— Your university is known for scientific advances in materials science, metallurgy and mining. In particular, you are developing unmanned technologies. What kind of projects do you currently have in this direction?
— This is the robotization of the mining process. The execution of routine, harmful and dangerous types of work falls on the shoulders of machines without the direct participation of a person in production. We have an interesting project in this direction – our students created the Mark robot for the company Norilsk Nickel as part of the Student Start competition.
“Mark” is a robotic platform with dimensions of 120x120x80 cm, with high permeability, suitable for use in underground works. Each wheel of the platform has its own motor and a vertical axis of rotation for rotation, as well as a system for changing the clearance.
NUST MISIS First Vice-Chancellor Sergey Salikhov
Sergey Gnuskov/NUST MISIS Press Service
An assembly is designed for a high-tech lidar sensor on the platform designed for mine exploration (a set of measurements and calculations to assess the spatial aspect of mine studies), scanning the study area and creating its three-dimensionality. models. The platform moves at a speed of 4 km/h, changing its span from 20 cm to 45 cm. Currently, work is underway to create an IT solution to control this robotic platform, including the development of firmware for the main controller.
— Could you tell us about university projects related to nuclear energy?

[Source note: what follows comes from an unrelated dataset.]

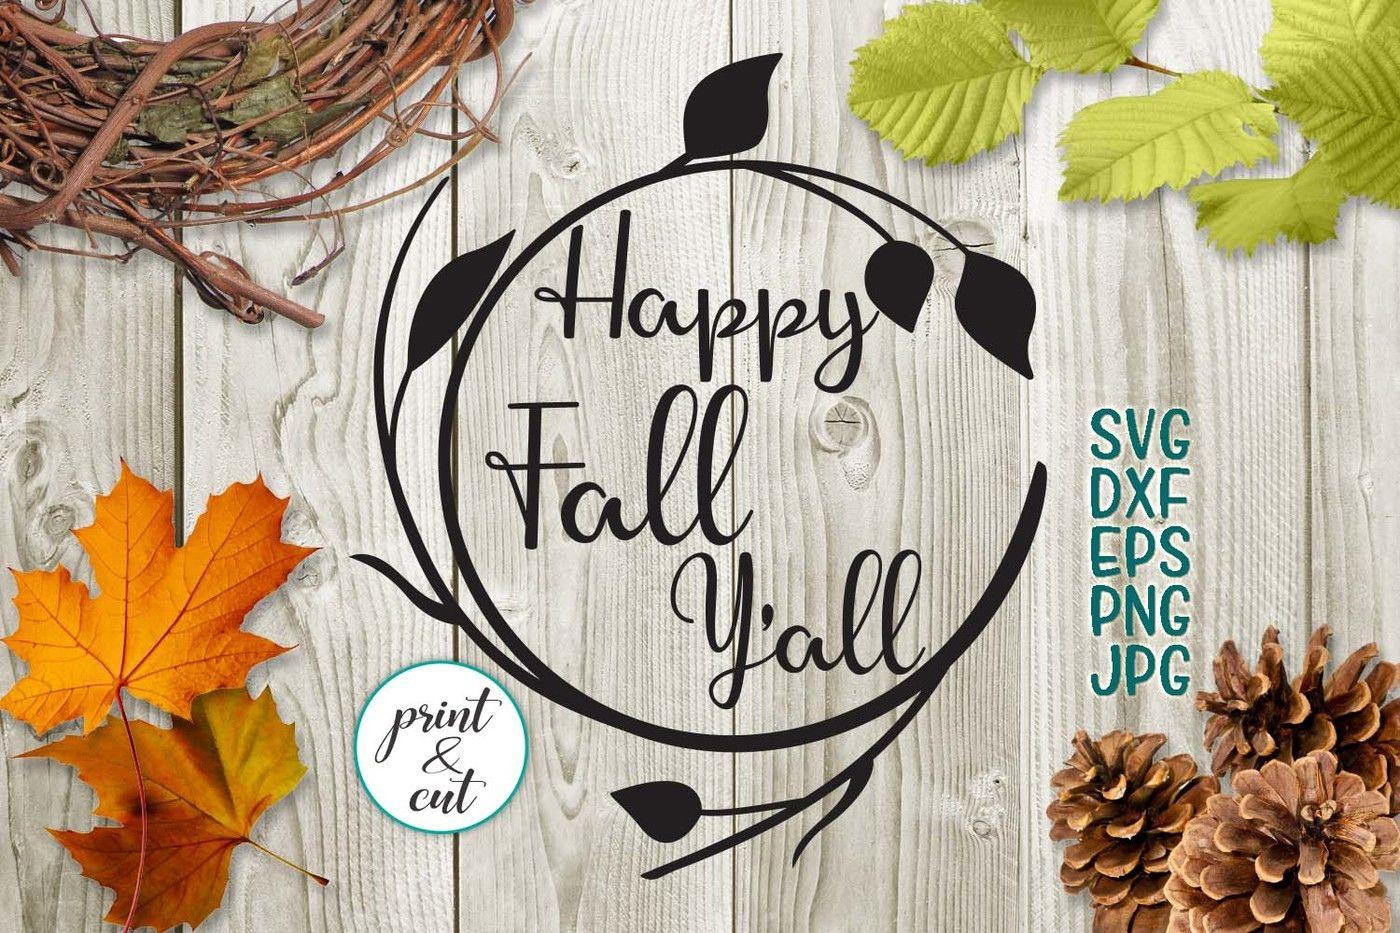 Download happy fall yall svg, happy fall y'all, svg cricut file ...

— The development of nuclear power engineering means the transition to new types of coolants, an increase in operating temperature and pressure, and, of fundamental importance, an increase in service life of 80 years or more.
All this requires the use of materials with fundamentally new properties, the creation of which, due to the classical comprehensive approach, is not rational and does not provide a qualitative transition to a new level of properties.
So how will you create these new materials?
– The main set of material properties is formed primarily during solidification, so the problem can be solved by influencing the growth of the solid phase, which will not only ensure the required level of material quality, but also allow materials with a property gradient to be obtained. , including internal reinforcement . It requires the development of high precision technologies, including controlled fusion, precision machining, high precision casting and additive manufacturing.
It should be noted that the implementation of the solidification control project already gives practical results in the case of an additive process (additive technologies is a method of creating three-dimensional objects, parts or things by adding material layer by layer). The action leads to a controlled change in the phase transition kinetics and as a result the predicted (indicated by the technologist) primary crystal structure.
— What practical results do you expect from using this method?
– First of all, this approach will reduce the development time of promising products by 10 times and increase the utilization rate of materials by up to 90%.
In the field of nuclear energy materials, this will make it possible to reduce the cost of metal products produced by conventional methods by 10-15% and enable the transition to “first try” printing products in additive manufacturing, reducing development time to 75% and small-scale production costs to 90%.
The introduction of digital control of the machine building and metallurgical industries can already have an economic impact in the manufacture of cavities for the reactor vessel by increasing the metal utilization factor by 10-15% and reducing gas and electricity consumption by at least 10%. , which is a tangible indicator and leads us to a resource-efficient, lean economy.
— NUST MISIS also develops technologies for advanced energy systems. Can you tell?
“This is a relatively new technology. The main idea is to shut down the nuclear cycle, switch from fuel to fast neutron reactors from VVER type reactors (water-water power reactor), new nuclear fuel production and an increase in the percentage of so-called fuel combustion used in the power generation process.
Speaking of the development of technologies for advanced energy systems, we again refer to end-to-end quality management at the entire technological stage of the production of responsible engineering products.
The task is precisely to provide high-quality metal products that can perform their functions in aggressive environments such as high temperature, pressure and exposure to high radiation.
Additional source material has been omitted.